Author demystifies the Vatican

By  Ron Stang, Catholic Register Special
  • June 9, 2013

WINDSOR, ONT. - John Thavis was a prognosticator of the first degree.

The veteran Vatican correspondent and former Rome bureau chief for Catholic News Service was one of the very few in the media who predicted that 2013 would be a phenomenal year for the Church with the election of a new pope.

And Thavis wasn’t even based in Rome when he made his prediction. He had retired to his native Minnesota and had published The New York Times bestseller The Vatican Diaries: A Behind-the- Scenes Look at the Power, Personalities and Politics at the Heart of the Catholic Church.

“But once a Vaticanista always a Vaticanista,” joked Thavis, who kept his ear close to the ground — or rather his eye on the Internet — of his former Vatican news sources to read the curia’s tea leaves.
But it was more than that.

Thavis, after 30 years in Rome — perhaps the most informed journalist covering the Holy See — also knew that Pope Benedict would break from tradition by announcing his resignation.
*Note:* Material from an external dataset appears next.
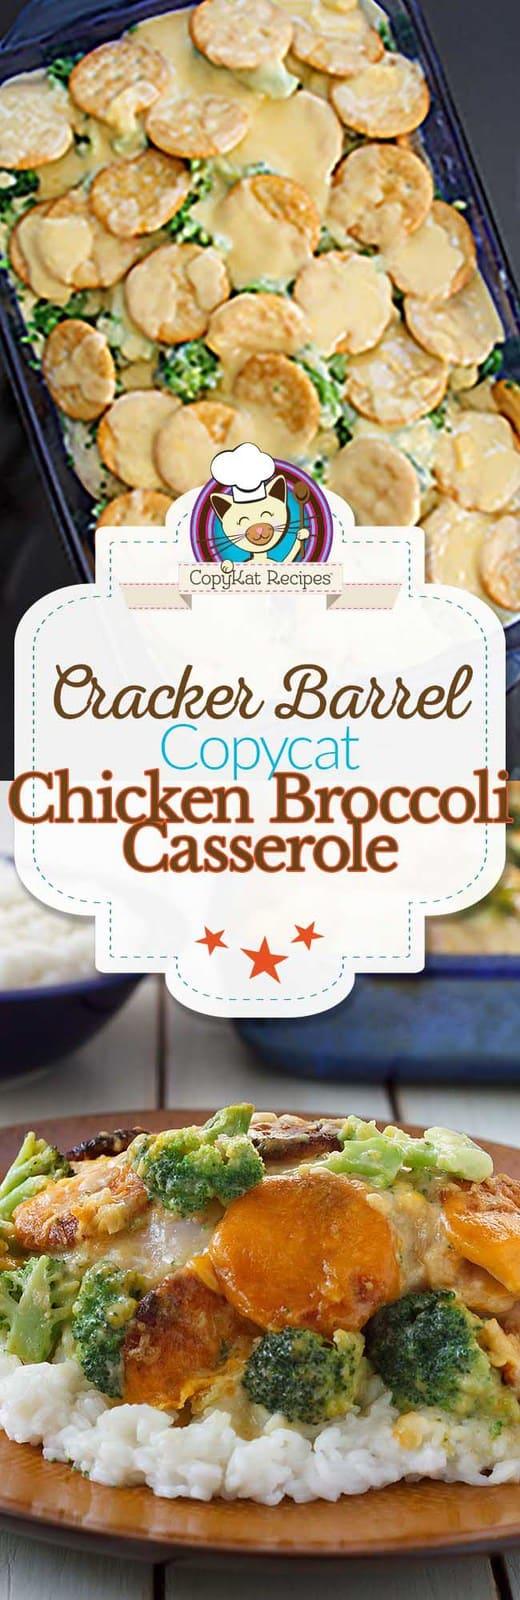 Cracker Barrel Broccoli Cheddar Chicken
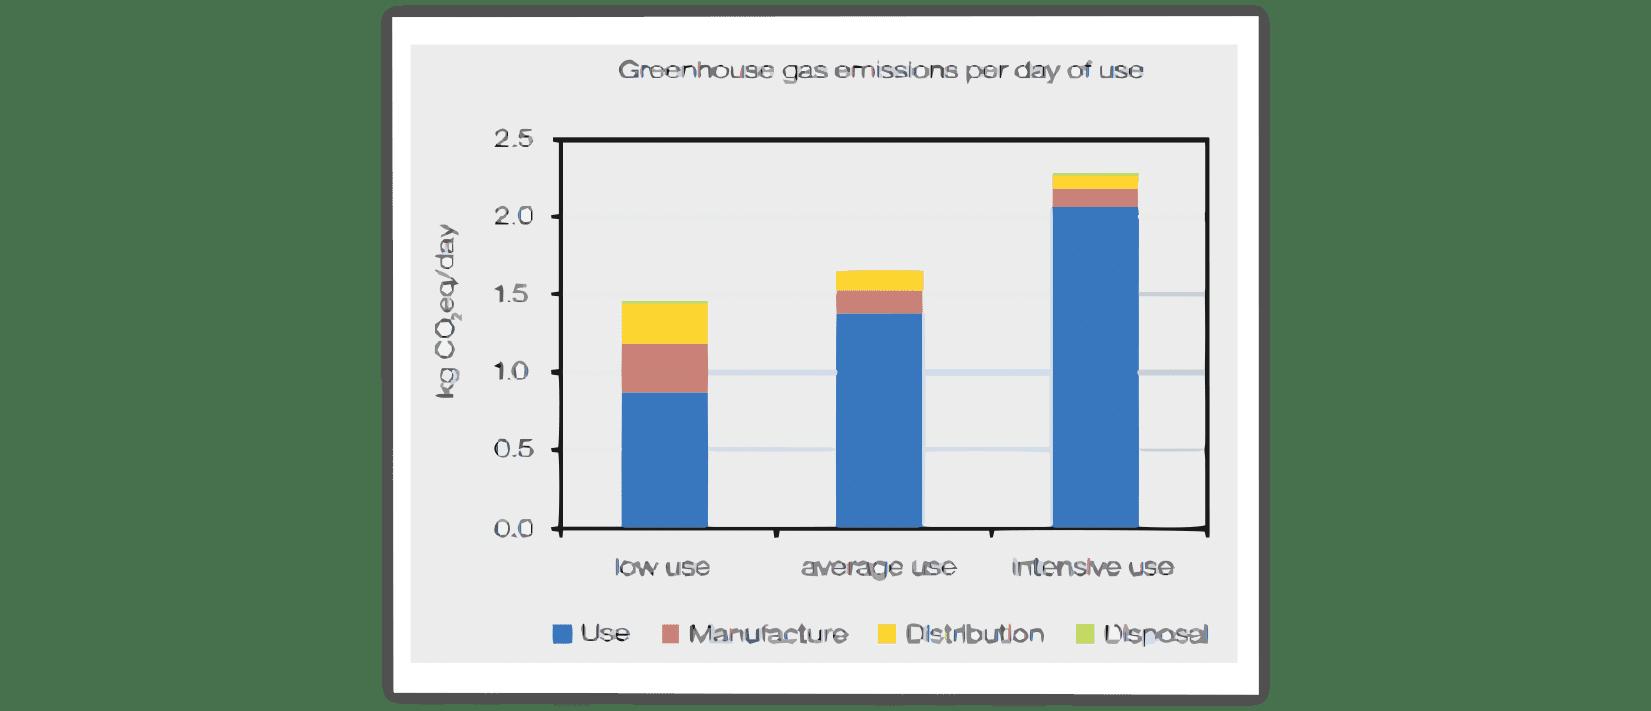 rotary evaporator, rotavapor, distillation, greenhouse emissions, energy

After all, late last year the Pope-emeritus had completed his books on Jesus of Nazareth, appointed a large number of cardinals as if he “seemed to be setting up a conclave.” And Benedict earlier had indicated it was “a duty” to resign and not drag the Church through a period of a pope’s extended ill health.

And, arriving back in Rome at the right place at the very right time, Thavis noted in his blog that Argentina’s Cardinal Jorge Bergoglio, now Pope Francis, was “a rising star” as a clear-sighted critic of the Vatican establishment.

Now, Thavis told an audience at Assumption University here May 28, where he was awarded the institution’s annual Christian Culture Gold Medal, he hopes this reformer will be able to “navigate a world he really doesn’t know very well.”

Thavis’s book might help.

The book breaks down the Vatican, demystifying its various offices and roles, and presents the real “humanness” of the institution that the world doesn’t see, largely because the people who cover the Vatican — the media — see it as a “monolithic” institution and more powerful than it actually is. Rome’s annual budget is “less than most American universities,” he said.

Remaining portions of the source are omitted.